I cannot comment on how common the case you describe will be in practice - having a fallback language and interpreting plain xsd:string literals as having a default language. Maybe you are right, but it will certainly complicate the logic here (e.g. we would need to decide what to do with rdf:HTML triples not just xsd:string). In any case there is the fallback to define your variation of the unique language pattern in SPARQL.

PJ> If the intended scope of sh:uniqueLang are values of type rdf:langString, then the RDF1.1 spec seems to indicate that this also encompasses plain strings (see https://www.w3.org/TR/rdf11-concepts/#dfn-language-tagged-string). In other words, “fred” will validate both as an rdf:langString and as xsd:string. Even if this were not the case, I would still expect this refinement to fail, and it doesn’t:

ex:Shape2
    a sh:Shape ;
    sh:scopeClass ex:Class2 ;
    sh:constraint [
       sh:or (
        [
            sh:property [
                a sh:PropertyConstraint ;
                sh:uniqueLang true ;
                sh:predicate ex:property1 ;
                sh:datatype rdf:langString
            ]
        ]
        [
            sh:property [
                a sh:PropertyConstraint ;
                sh:maxOccurs 1 ;
                sh:predicate ex:property1 ;
                sh:datatype xsd:string
            ]
        ]
       )
    ] .

ex:Class2 a rdfs:Class .

ex:InvalidShape12
   a ex:Class2 ;
   ex:property1 "fred" ;
   ex:property1 "barney" .


*I think this is something missing from the spec. I should be able to use sh:shape from one shape to another: ex:Shape1 sh:shape ex:Shape2. Compare ex:Shape2 with ex:Shape3 in the enclosed reuse-002.ttl. Of course, similar effects could be achieved with rdfs:subClassOf on shapes, though this doesn’t appear to work currently.
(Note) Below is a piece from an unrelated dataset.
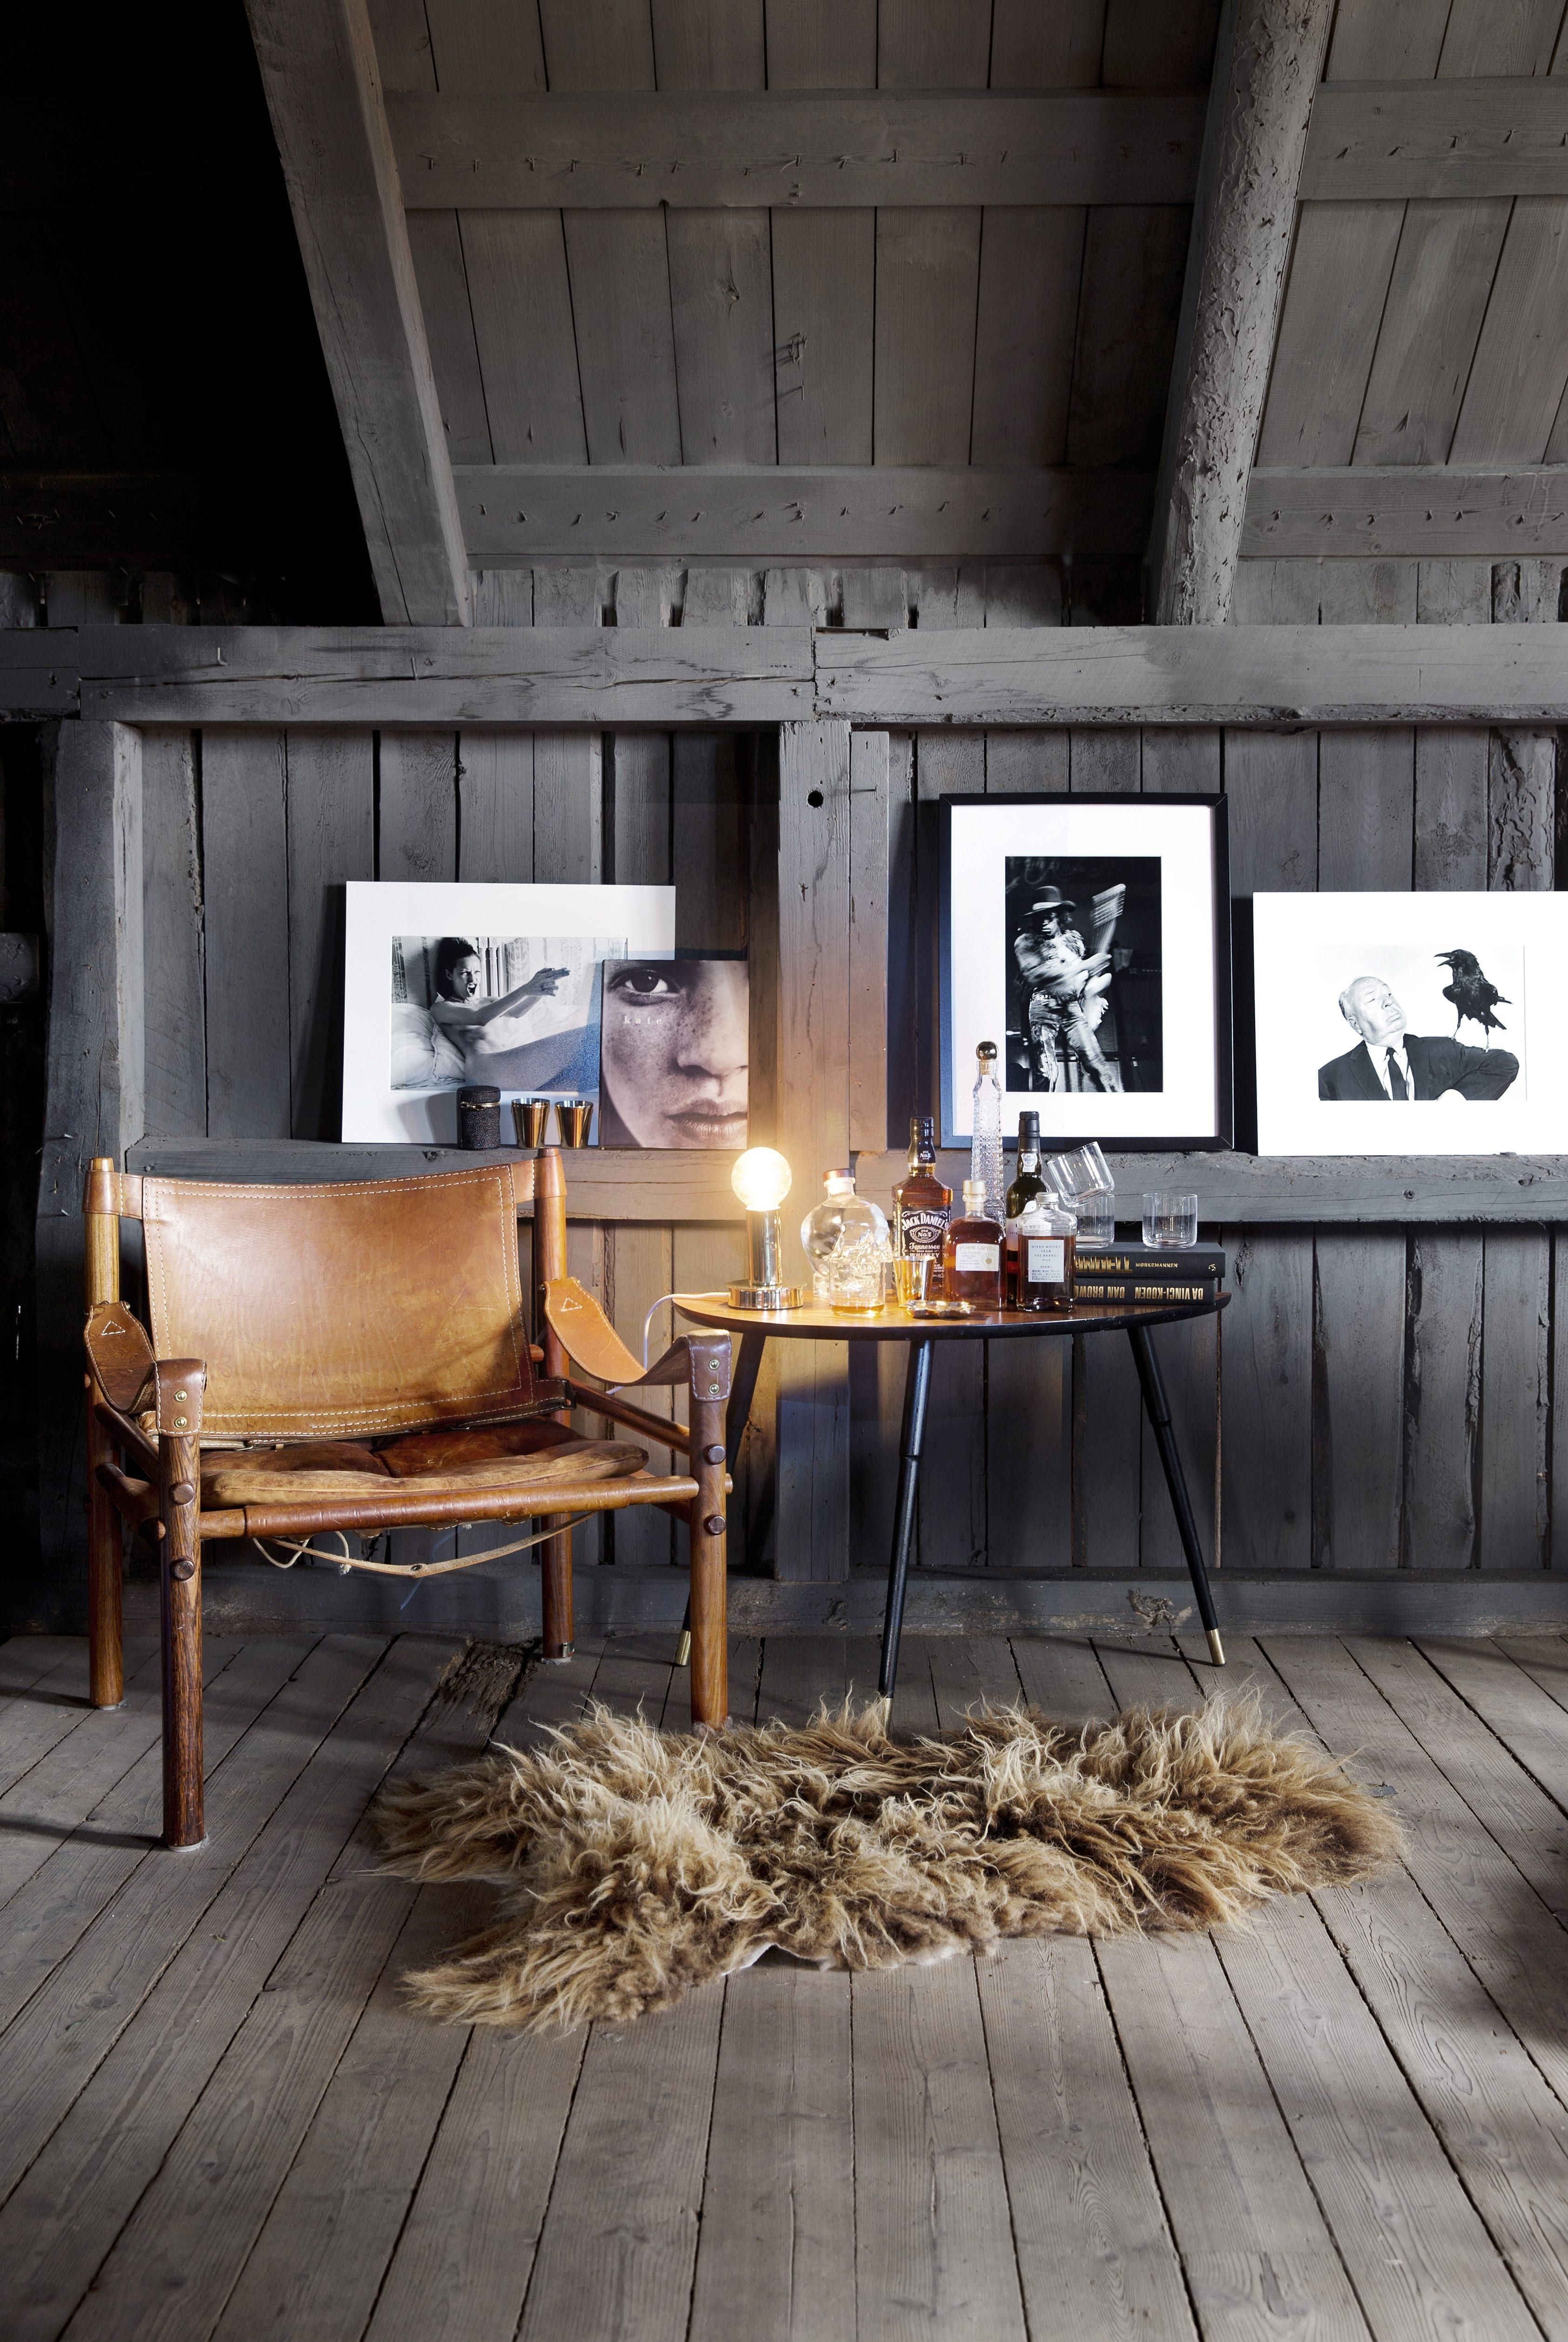 Jul hos Camilla/Milla boutique | Cool Juxtaposition! | Pinterest

(A minor request on the test harness: it would be useful if it spat out a positive message with the filename on a successful test result. It’s sometimes hard to work out what you’re testing. It’s not a big deal, though.)

Feel free to send me a snippet (and where in the code to insert it)

Thanks
Holger
Received on Sunday, 17 January 2016 06:42:34 UTC